Version: Next

Input: s3

Stream data from a S3 Object

Field Summary

Field Name	Type	Description	Default
when	message_filter	Fire this input when a specific internal message occurs	-
interval	duration	How often to run the command	-
cron	cron	How often to run the command. Note that unlike standard Cron, Pipes use a Cron syntax that includes a column for seconds. See full discussion	-
immediate	bool	Run as soon as invoked, instead of waiting for the specified cron interval	false
random-offset	duration	Sets a random offset to the schedule, then sticks to it	0s
window	Window	For resources that need a time window to be specified	-
block	bool	Block further input schedules from triggering if the pipe output is retrying	false
bucket-name	string	The storage service container for created blobs	-
object-names	array of strings	The name for the blob	-
object-name-field	field	The field that a blob name from an operation should be stored in	-
creation-time-field	field	The field that the blob creation time should be stored in	-
last-modified-field	field	The field that the blob last modified time should be stored in	-
content-length-field	field	The field that the blob content length information should be stored in	-
content-type-field	field	The field that the blob content type information should be stored in	-
etag-field	field	The field that the object ETag should be stored in	-
data-field	field	A field that the blob data should be nested in	-
region	string	Region	-
endpoint	string	S3 Endpoint	-
access-key	string	Access Key ID	-
secret-key	string	Secret Key ID	-
security-token	string	Security Token	-
session-token	string	Session Token	-
timestamp-mode	S3ObjectTimestampMode	Derive a timestamp for this blob for filtering purposes based on the selected strategy.	-
maximum-age	MaxAgeSpecifier	Remove any object older than this many seconds from the candidate list	-
mode	S3BlockInputMode	The operating mode for this input	-
fingerprinting	bool	Enable object fingerprinting, which will cause a object to only be downloaded once	false
fingerprinting-db-path	path	Specify a custom path for the fingerprinting database	-
maximum-fingerprint-age	MaxAgeSpecifier	Remove any object fingerprints older than this from the tracker	30 days
preprocessors	PreProcessor	Preprocessors (process downloaded data before making it available to the pipeline) these processors will be run in the order they are specified	-

Fields

`when`

Type: message_filter

Fire this input when a specific internal message occurs

This field overloads time-based scheduling with a scheduler that fires on matching messages.

Example

Pipe Language Snippet:

input:
  http-poll:
    when:
      message-received:
        filter-type:
          - pipe-idle
    url: "http://localhost:8888"
    raw: true
    ignore-line-breaks: true

`interval`

Type: duration

How often to run the command

By default, interval: 0s which means: once.
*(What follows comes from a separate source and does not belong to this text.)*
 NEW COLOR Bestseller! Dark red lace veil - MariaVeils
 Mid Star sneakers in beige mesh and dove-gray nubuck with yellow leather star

Note that scheduled inputs set document markers. See full discussion

Example

Pipe Language Snippet:

exec:
  command: echo 'once a day'
  interval: 1d

`cron`

Type: cron

How often to run the command. Note that unlike standard Cron, Pipes use a Cron syntax that includes a column for seconds. See full discussion

Example: Once a day

Pipe Language Snippet:

exec:
  command: echo 'once a day'
  cron: '0 0 0 * * *'

Example: Once a day, using a convenient shortcut

Pipe Language Snippet:

exec:
  command: echo 'once a day'
  cron: '@daily'

`immediate`

Type: bool

Default: false

Run as soon as invoked, instead of waiting for the specified cron interval

Example: Run immediately on invocation, and thereafter at 10h every morning

Pipe Language Snippet:

exec:
  command: echo 'hello'
  immediate: true
  cron: '0 0 10 * * *'

`random-offset`

Type: duration

Default: 0s

Sets a random offset to the schedule, then sticks to it

This can help avoid the thundering herd problem, where you do not, for example, want to overload some service at 00:00:00

Example: Would fire up to a minute after every hour

Pipe Language Snippet:

exec:
  command: echo 'hello'
  random-offset: 1m
  cron: '0 0 * * * *'

`window`

Type: Window

For resources that need a time window to be specified

Field Name	Type	Description	Default
size	duration	Window size	-
offset	duration	Window offset	0s
start-time	time	Allows the windowing to start at a specified time	-
highwatermark-file	path	Specify file where timestamp would be stored in order to resume, for when Pipe has been restarted	-

`size`

Type: duration

Window size

Example

Pipe Language Snippet:

exec:
  command: echo 'one two'
  window:
    size: 1m

`offset`

Type: duration

Default: 0s

Window offset

Example

Pipe Language Snippet:

exec:
  command: echo 'one two'
  window:
    size: 1m
    offset: 10s

`start-time`

Type: time

Allows the windowing to start at a specified time

It should in the following format: 2019-07-10 18:45:00.000 +0200

Example

Pipe Language Snippet:

exec:
  command: echo 'one two'
  window:
    size: 1m
    start-time: 10s

`highwatermark-file`

Type: path

Specify file where timestamp would be stored in order to resume, for when Pipe has been restarted

Example

Pipe Language Snippet:

exec:
  command: echo 'one two'
  window:
    size: 1m
    highwatermark-file:: /tmp/mark.txt

`block`

Type: S3ObjectTimestampMode

Derive a timestamp for this blob for filtering purposes based on the selected strategy.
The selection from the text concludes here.